About this task | Restate all the data word for word and omit the pictures.

***** Data segment

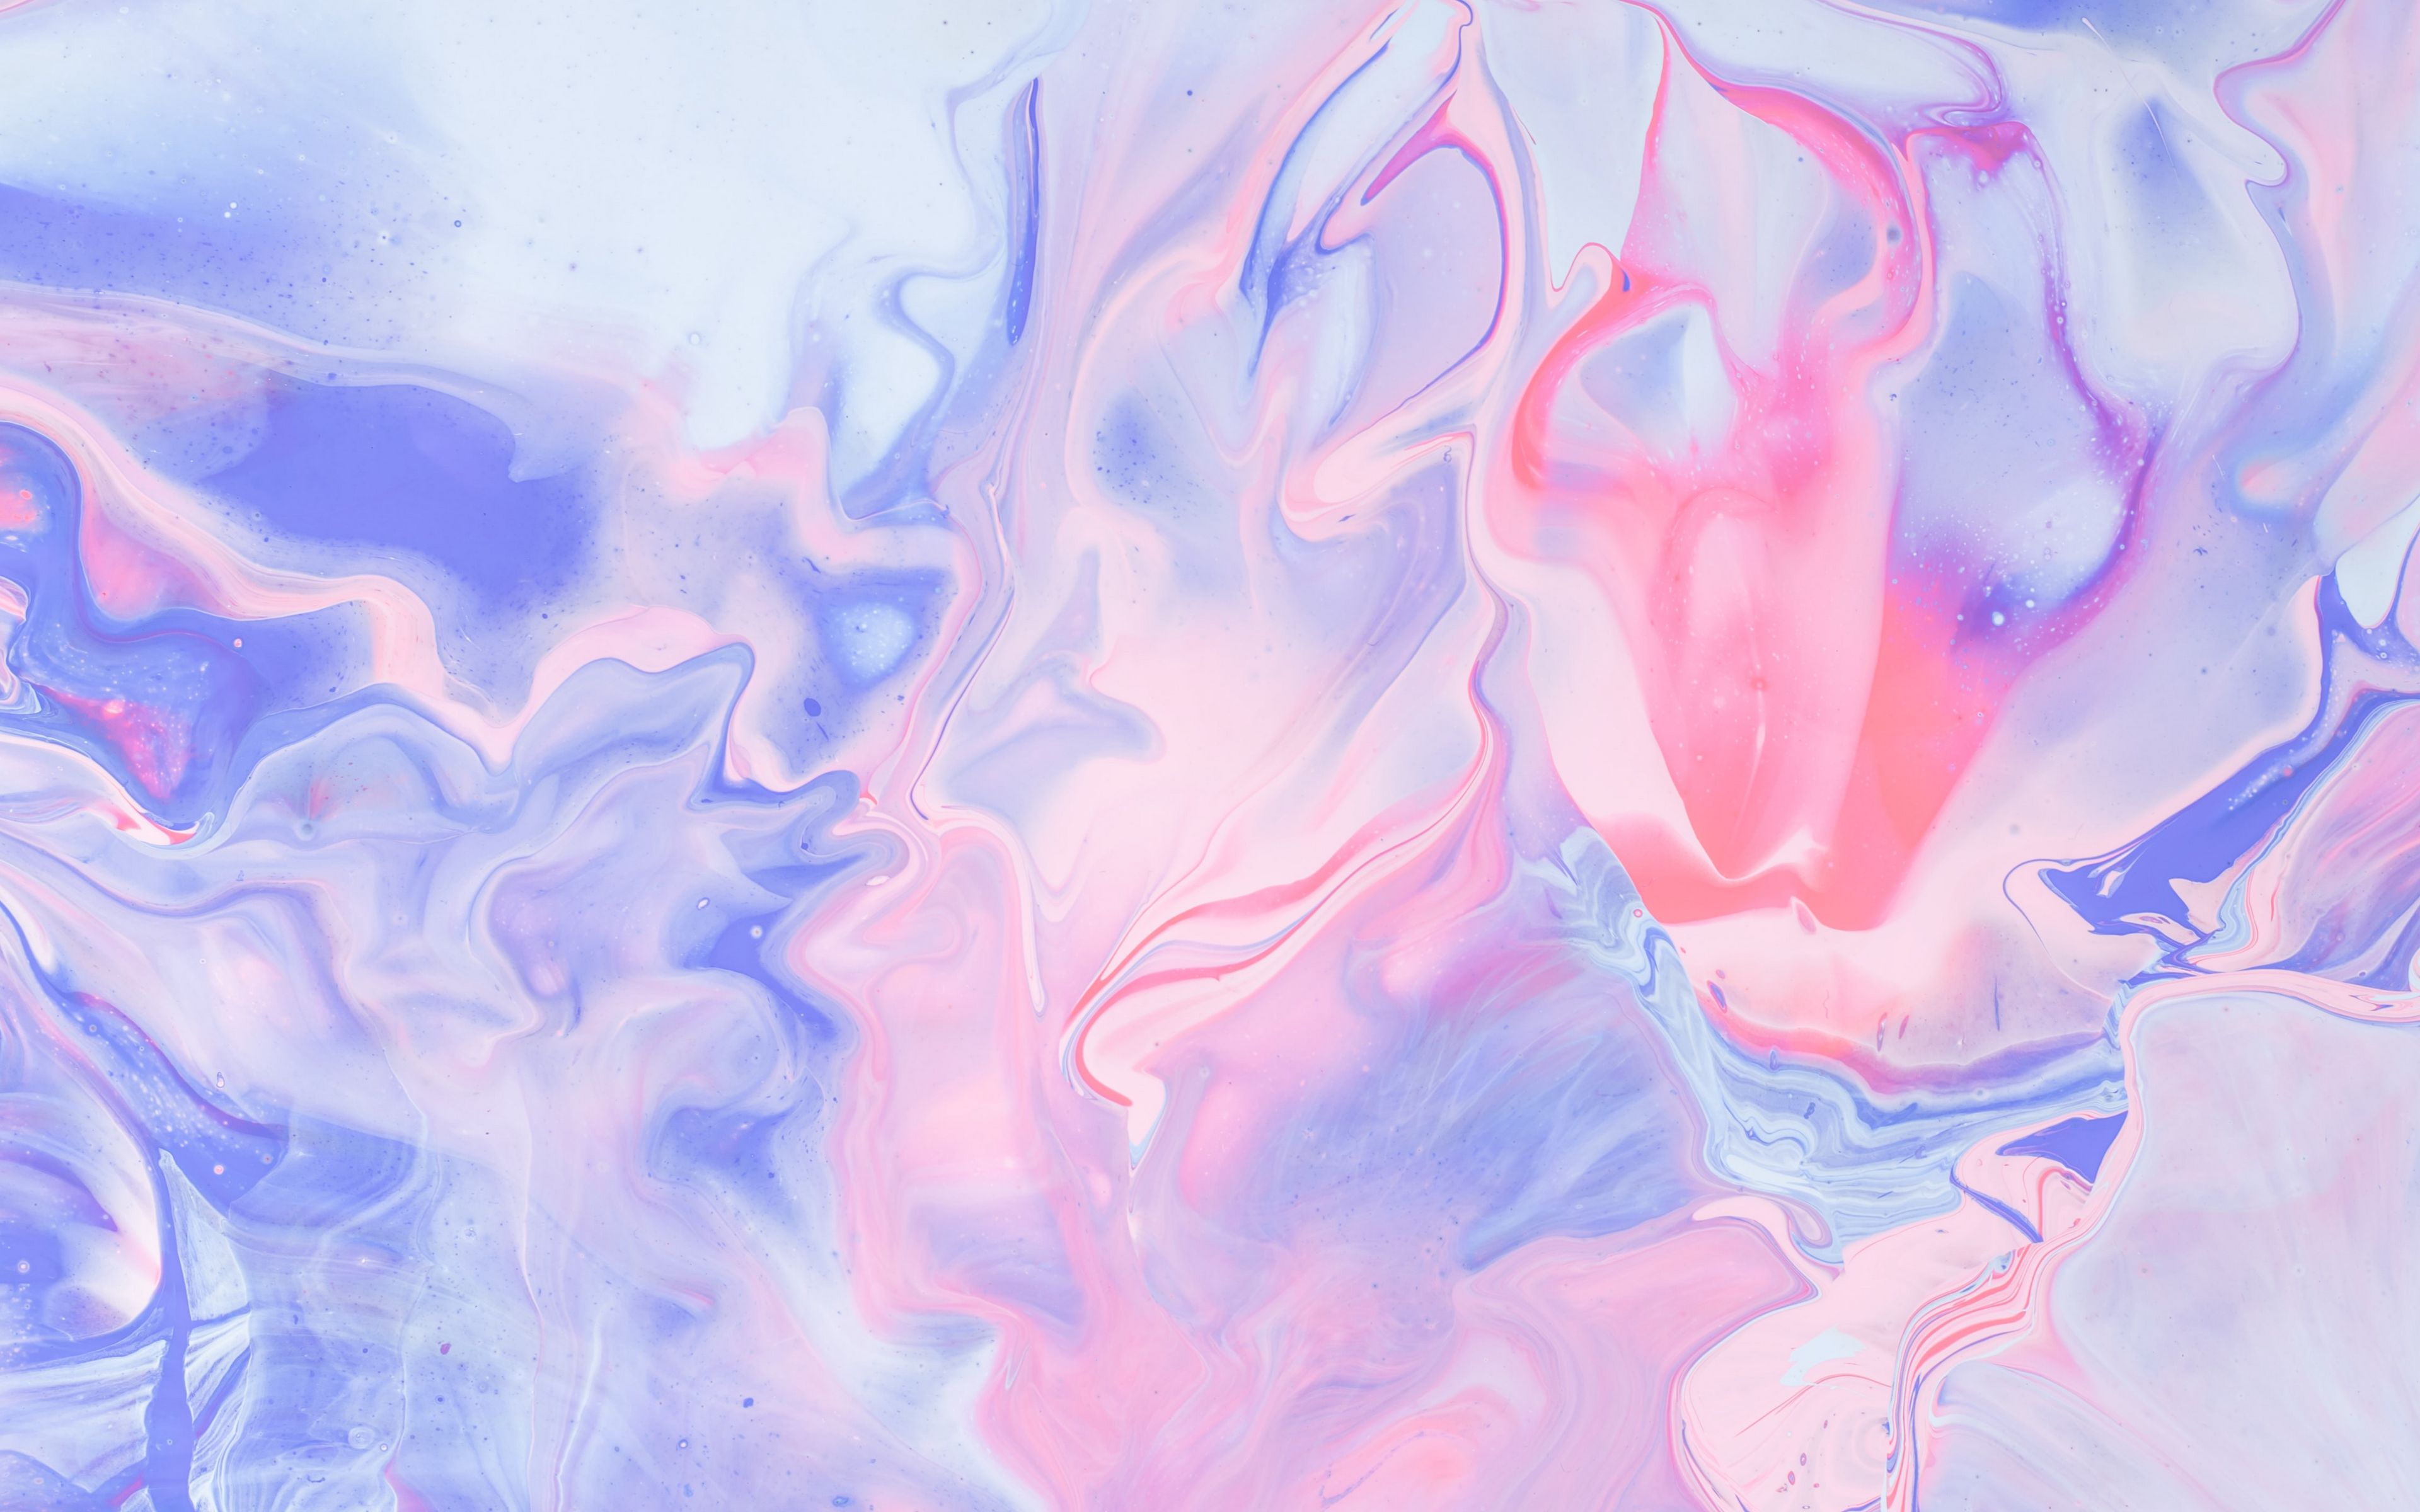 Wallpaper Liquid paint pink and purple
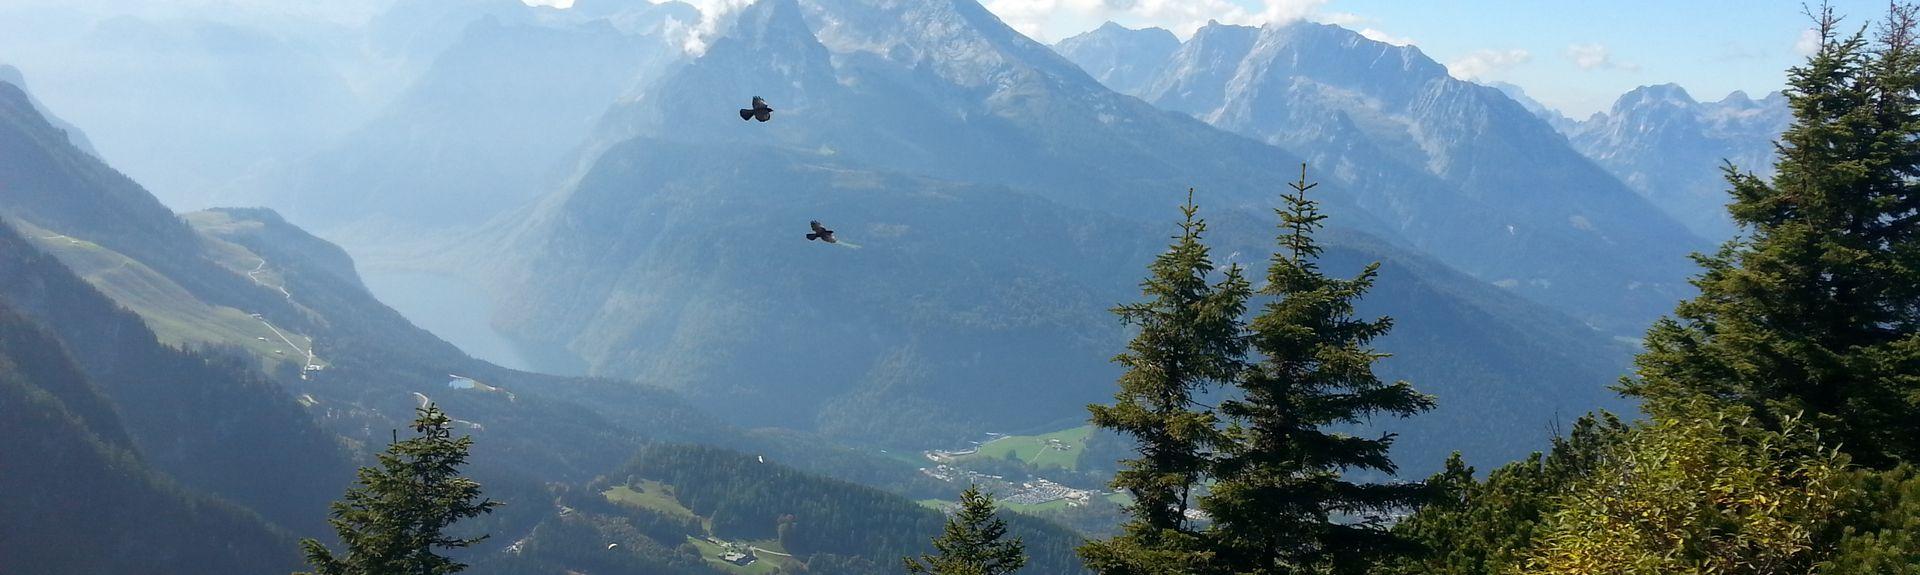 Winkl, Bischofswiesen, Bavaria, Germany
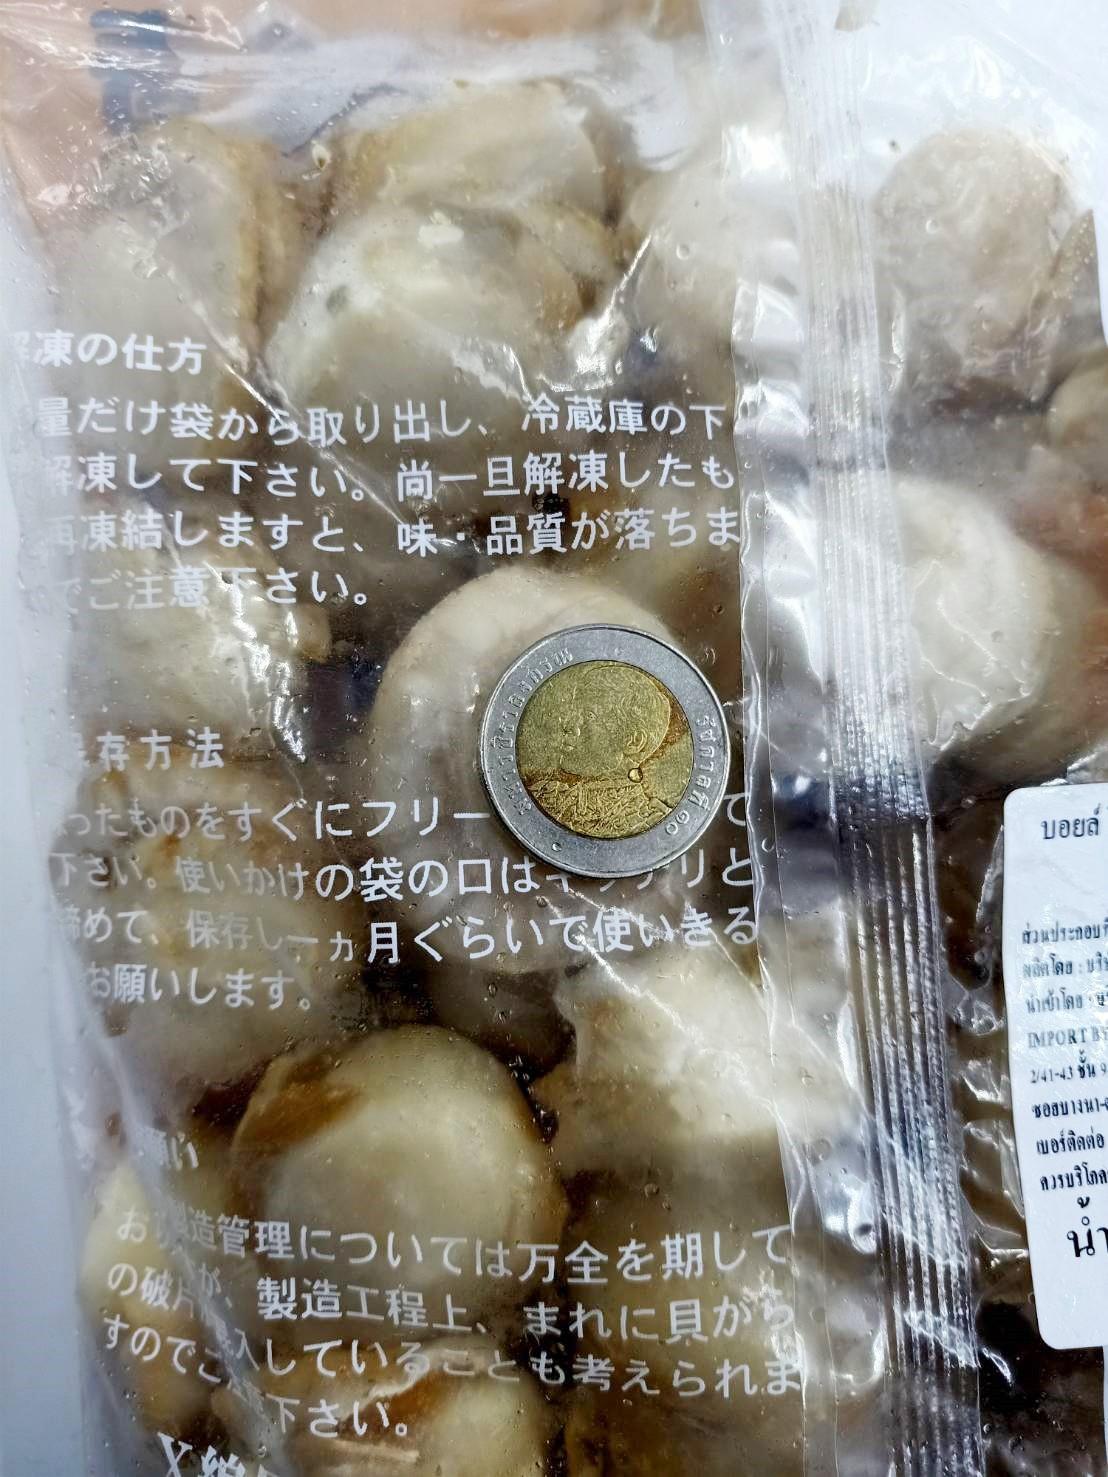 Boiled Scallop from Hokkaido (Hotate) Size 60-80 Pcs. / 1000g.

**********

Exercise solution |
 Wallpaper Liquid paint pink and purple
 Winkl, Bischofswiesen, Bavaria, Germany
 Boiled Scallop from Hokkaido (Hotate) Size 60-80 Pcs. / 1000g.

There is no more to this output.